China installs cruise missiles on South China Sea outposts: CNBC report

Chinese dredging vessels are purportedly seen in the waters around Fiery Cross Reef in the disputed Spratly Islands in the South China Sea in this still image from video taken by a P-8A Poseidon surveillance aircraft provided by the United States Navy May 21, 2015. U.S. Navy/Handout via Reuters/

WASHINGTON – China has installed anti-ship cruise missiles and surface-to-air missile systems on three of its outposts in the South China Sea, U.S. news network CNBC reported on Wednesday, citing sources with direct knowledge of U.S. intelligence reports.

The move, if confirmed, would mark the first Chinese missile deployments in the Spratly Islands, where several Asian countries including Vietnam and Taiwan have rival claims.

China’s Defence Ministry did not immediately respond to a request for comment.

CNBC quoted unnamed sources as saying that according to U.S. intelligence assessments, the missiles were moved to Fiery Cross Reef, Subi Reef and Mischief Reef within the past 30 days.

The U.S. Defense Department, which opposes China’s installation of military facilities on outposts it has built up in the South China Sea, declined comment. “We don’t comment on matters of intelligence,” a spokesman said.

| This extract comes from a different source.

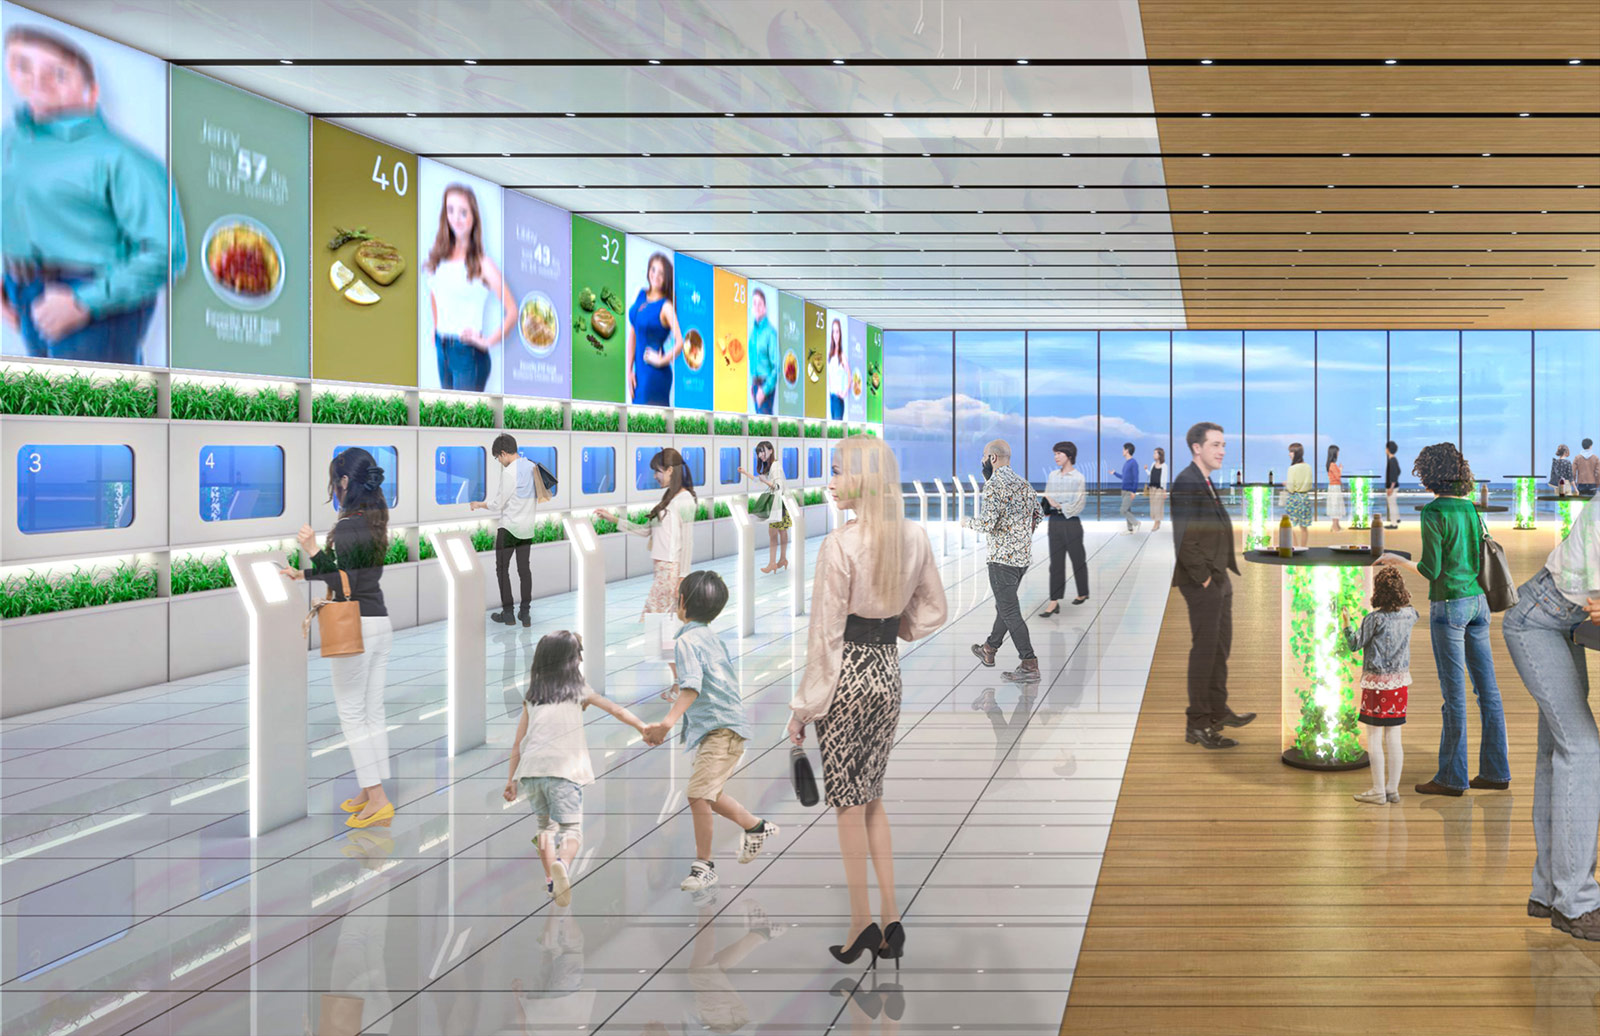 An artist’s impression of the future of food section | Courtesy of Osaka Pavilion
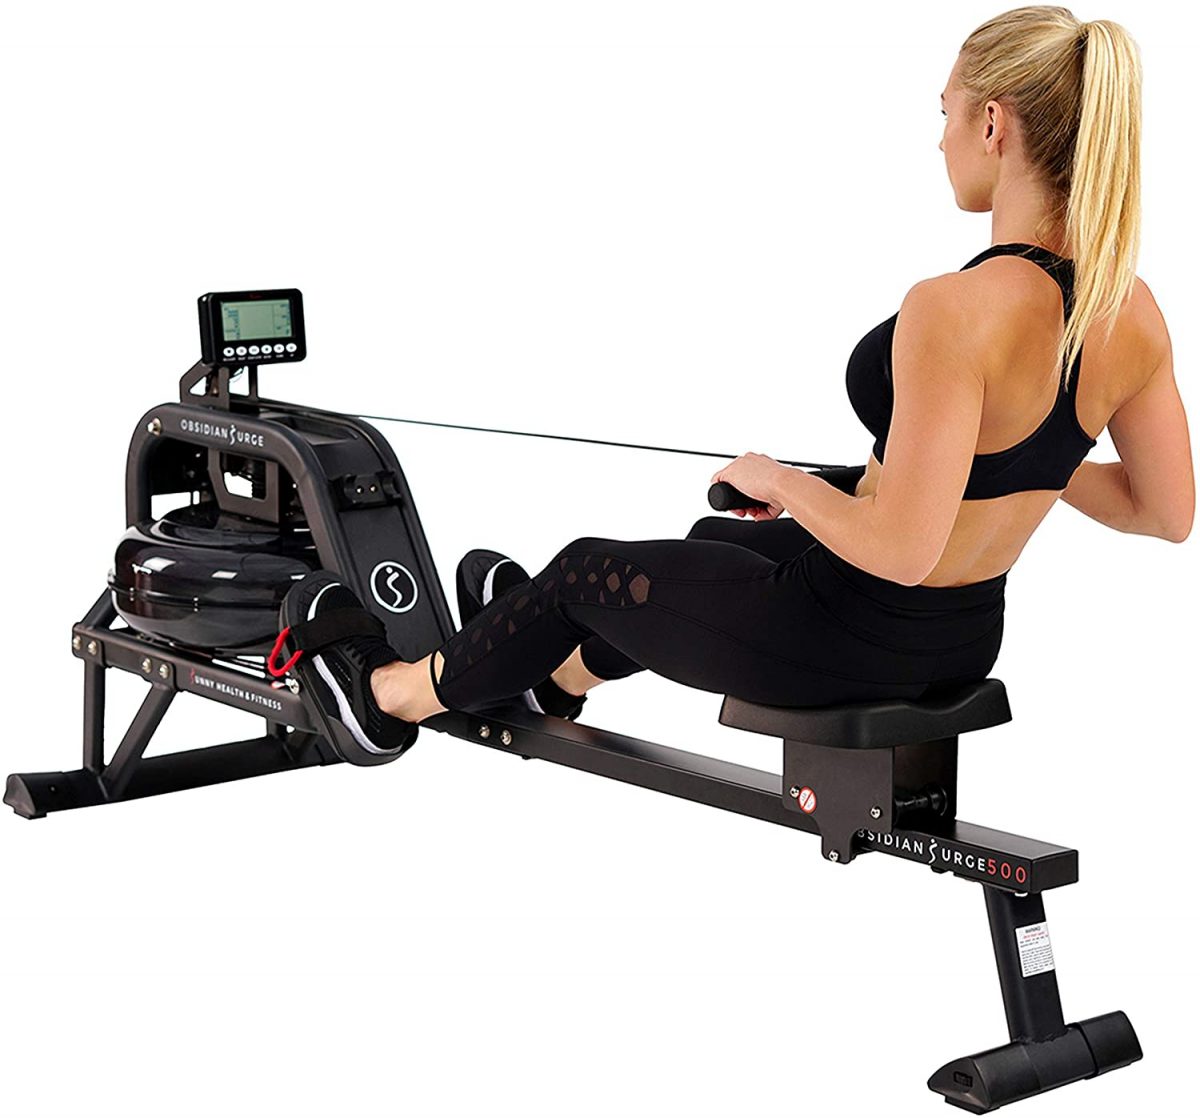 Top 10 Best Rowing Machines for home use in 2021 Complete Reviews

 China has made no mention of any missile deployments but says its military facilities in the Spratlys are purely defensive, and that it can do what it likes on its own territory.

Greg Poling, a South China Sea expert at Washington’s Center for Strategic and International Studies think tank, said deploying missiles on the outposts would be important.

“These would be the first missiles in the Spratlys, either surface to air, or anti-ship,” he said.